The two-storey house is built in stone ashlar, with chamfered quoins, cornices, a balustraded parapet, and a hipped roof in slate and lead with a tall chimney stack. The south front has two two-storey canted bay windows with three sash windows between them. The centrally-placed doorway has a Gibbs surround, a fanlight and a pediment and is accessed by stone steps. The extension by Chorley and Connon at the rear has three bays, two pairs of Ionic columns forming a loggia, and a porch in the corner with Tuscan columns, over which is an oriel window.

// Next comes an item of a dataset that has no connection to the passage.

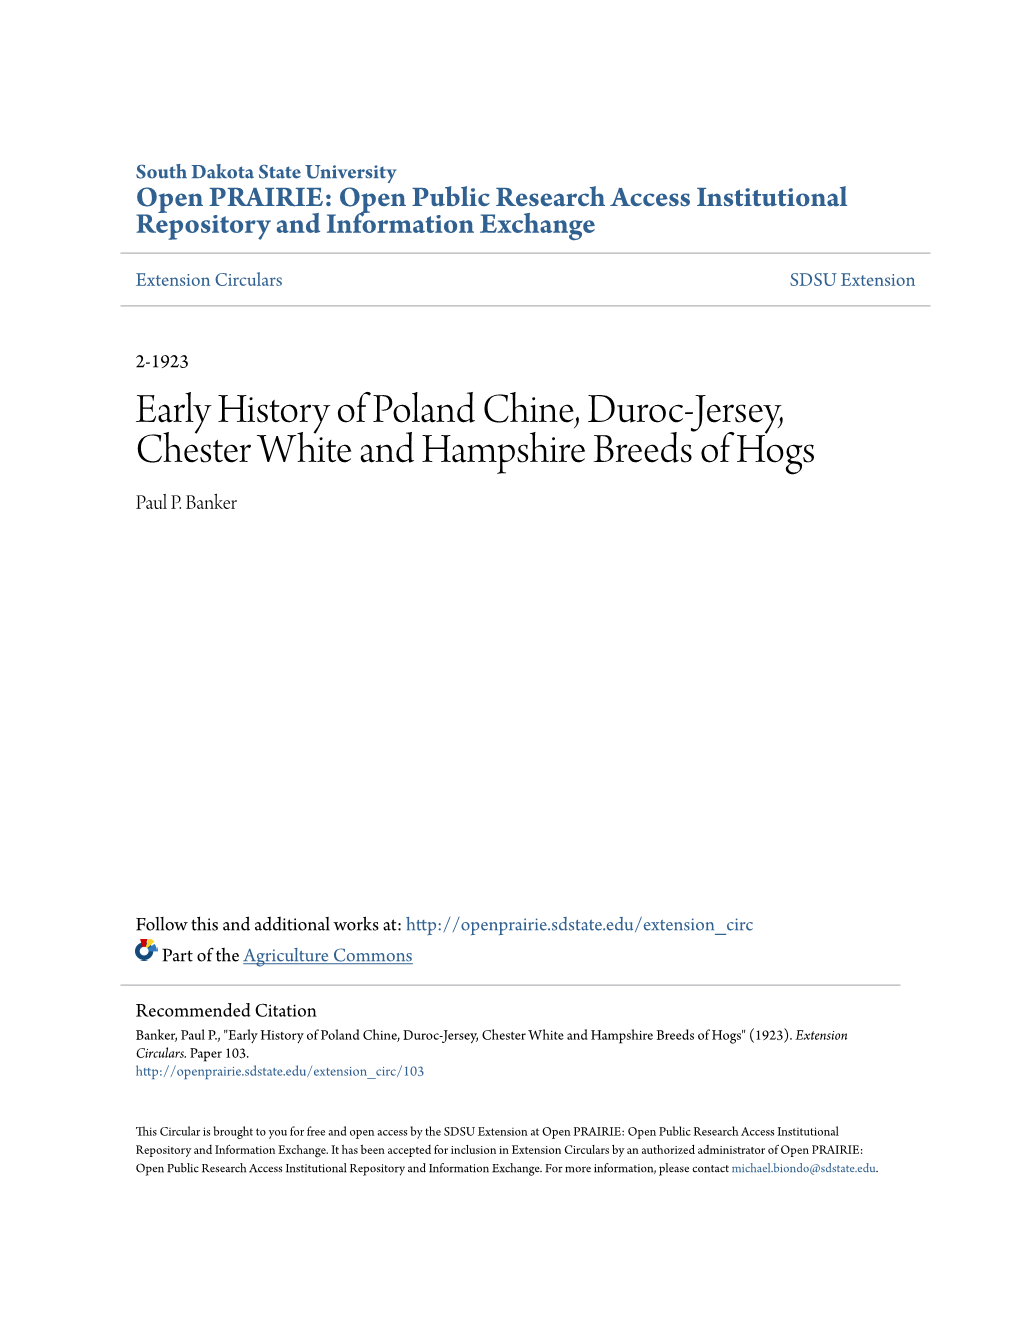 Early History of Poland Chine, Duroc-Jersey, Chester White and Hampshire Breeds of Hogs Paul P

The main entrance through the rear loggia has paired panelled doors glazed in stained glass with fruit and butterfly motifs. The entrance hall has mosaic floor and has been partition for flats. The stone cantilevered staircase has a wrought-iron scrolled balustrade and a mahogany handrail. The top-lit stair well retains eight lunette windows, each with stained glass representing foliage, flowers and fruit. On the first floor is the tiled bathroom from 1885. The elaborate faience (glazed architectural terra-cotta) bathroom in Burmantofts Pottery was created for a visit from the Prince of Wales. The bathroom has panelled mahogany doors and a bolection moulded fireplace. The walls are covered with moulded tiles in brown, blue and white, with a dado, moulded rail, scrolled frieze and a dentilled cornice. The ceiling is tiled in a strapwork design and has three diamond-shaped vents. The adjacent toilet is similarly decorated.

Jeremiah Dixon built the bridge over Gledhow Lane to the pleasure gardens in 1768, and the Gledhow ice-house. Dixon planted large scale plantations, introducing Swiss or Aphernously Pine, which became known as the Gledhow Pine.